In Deutschland könne die Kirche viel vom Glaubenszeugnis der Kirche Lateinamerikas lernen, erklärte Zollitsch weiter. Dazu zählten auch jene Persönlichkeiten, die für ihren Glauben gestorben seien. "Wir können auch von der Vitalität im Glaubensleben lernen, die die Kirche in Lateinamerika so dynamisch macht; wir können lernen von der frohen Glaubensfeier und dem Reichtum in der Volksreligiosität." Erzbischof Zollitsch forderte eine lebendige Umsetzung der Vater-unser-Bitte, die dem Namen Adveniat zugrunde liegt: "Dein Reich komme". Für die Menschen auf der ganzen Welt bedeute das Kommen des Reiches "Gottes Freiheit und Liebe statt Unfreiheit und Hass, Wahrheit und Freude statt Lüge und Trauer, Frieden und Gerechtigkeit statt Gewalt und Ungerechtigkeit. Viele Menschen in Lateinamerika erleben diesen Unfrieden Tag für Tag am eigenen Leib. Uns allen geht es um ein Leben in Würde und Gerechtigkeit, um eine andere, zutiefst menschliche Welt."

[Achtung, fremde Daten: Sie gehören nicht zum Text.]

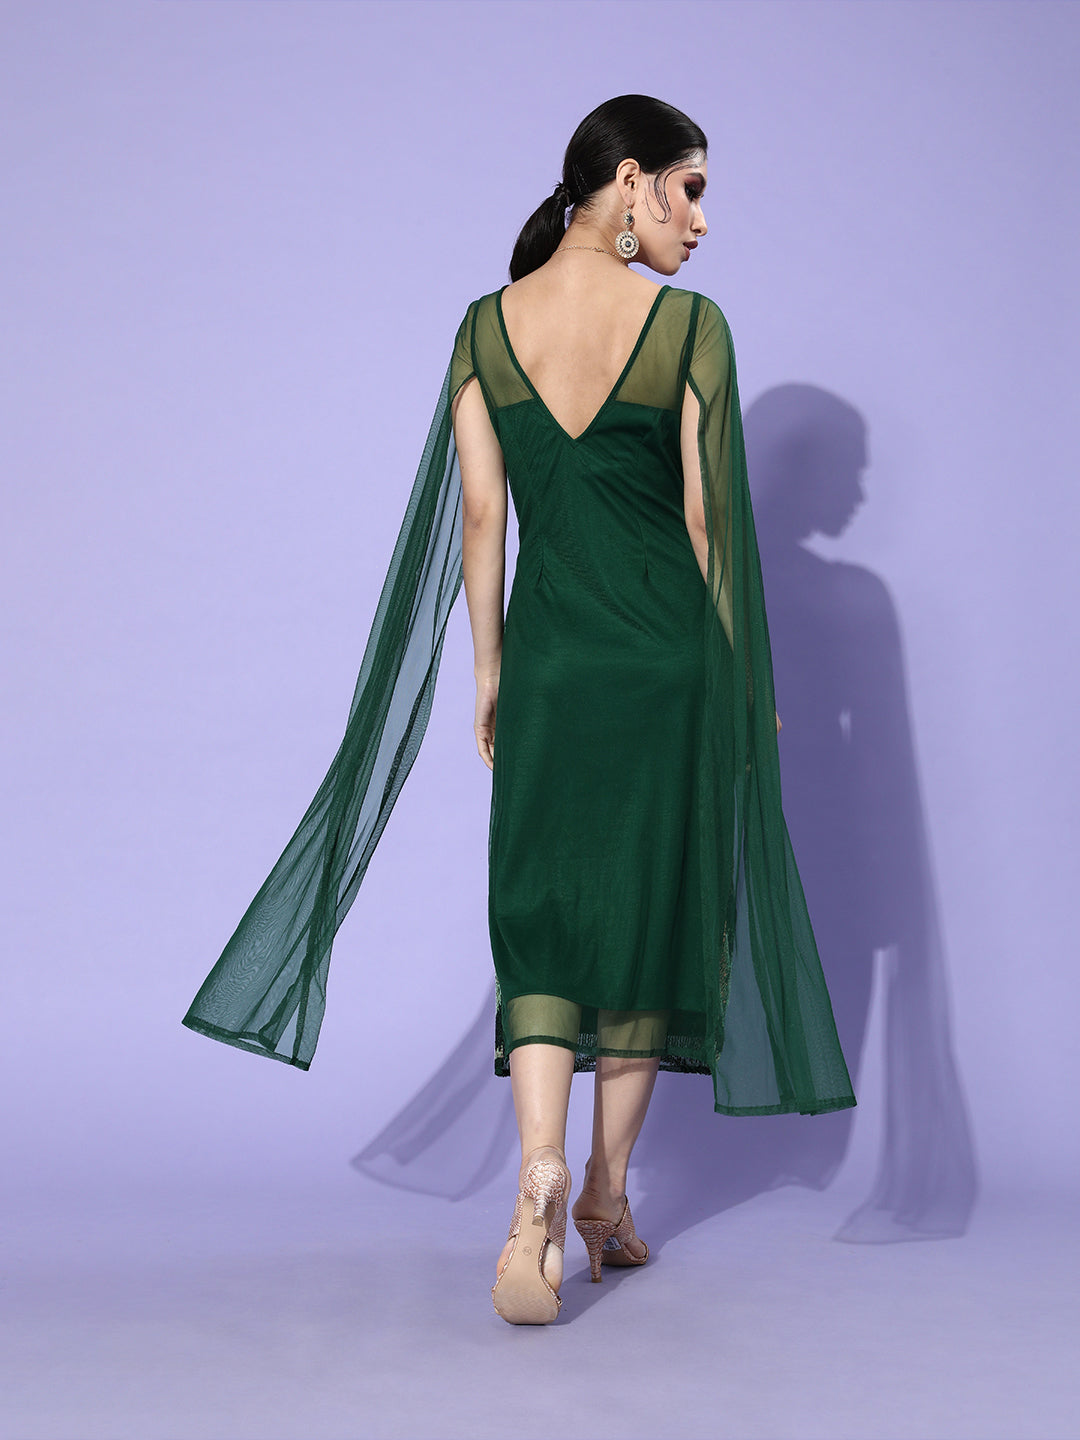 Athena Green Embellished Sheath Midi Dress - Athena Lifestyle

Gestern hatte Erzbischof Zollitsch eine Facienda für Frauen und Männer besucht, die von den Sießener Franziskanerinnen geleitet wird. Ehemals Drogenabhängige, Prostituierte und HIV Infizierte werden hier durch den Einsatz der Ordensschwestern in die Gesellschaft reintegriert. "An solchen Orten ist etwas vom Wirken Gottes zu spüren und von einer konkreten Umsetzung der Option für die Armen. Solidarität ist hier keine Theorie, sondern lebendige Praxis. Durch ein Glaubenszeugnis wird Menschen in ihrer schwersten Not selbstlos geholfen. Das erlebe ich als vollendete Nächstenliebe", so Zollitsch.



Am morgigen Sonntag wird Erzbischof Zollitsch zusammen mit Bischof Dr. Franz-Josef Overbeck (Essen) und Weihbischof Manfred Melzer (Köln) sowie dem Erzbischof von São Paulo, Kardinal Odilo Scherer, den Eröffnungsgottesdienst für die diesjährige Adveniat Aktion in einer Favela von São Paulo feiern. Der Gottesdienst wird vom ZDF live ab 10.00 Uhr übertragen. Am Nachmittag steht der Besuch eines Obdachlosenprojektes in São Paulo auf dem Programm. Am Montag wird Erzbischof Zollitsch von Brasilien nach Peru reisen. Die ersten Stationen sind dort Lima und Trujillo.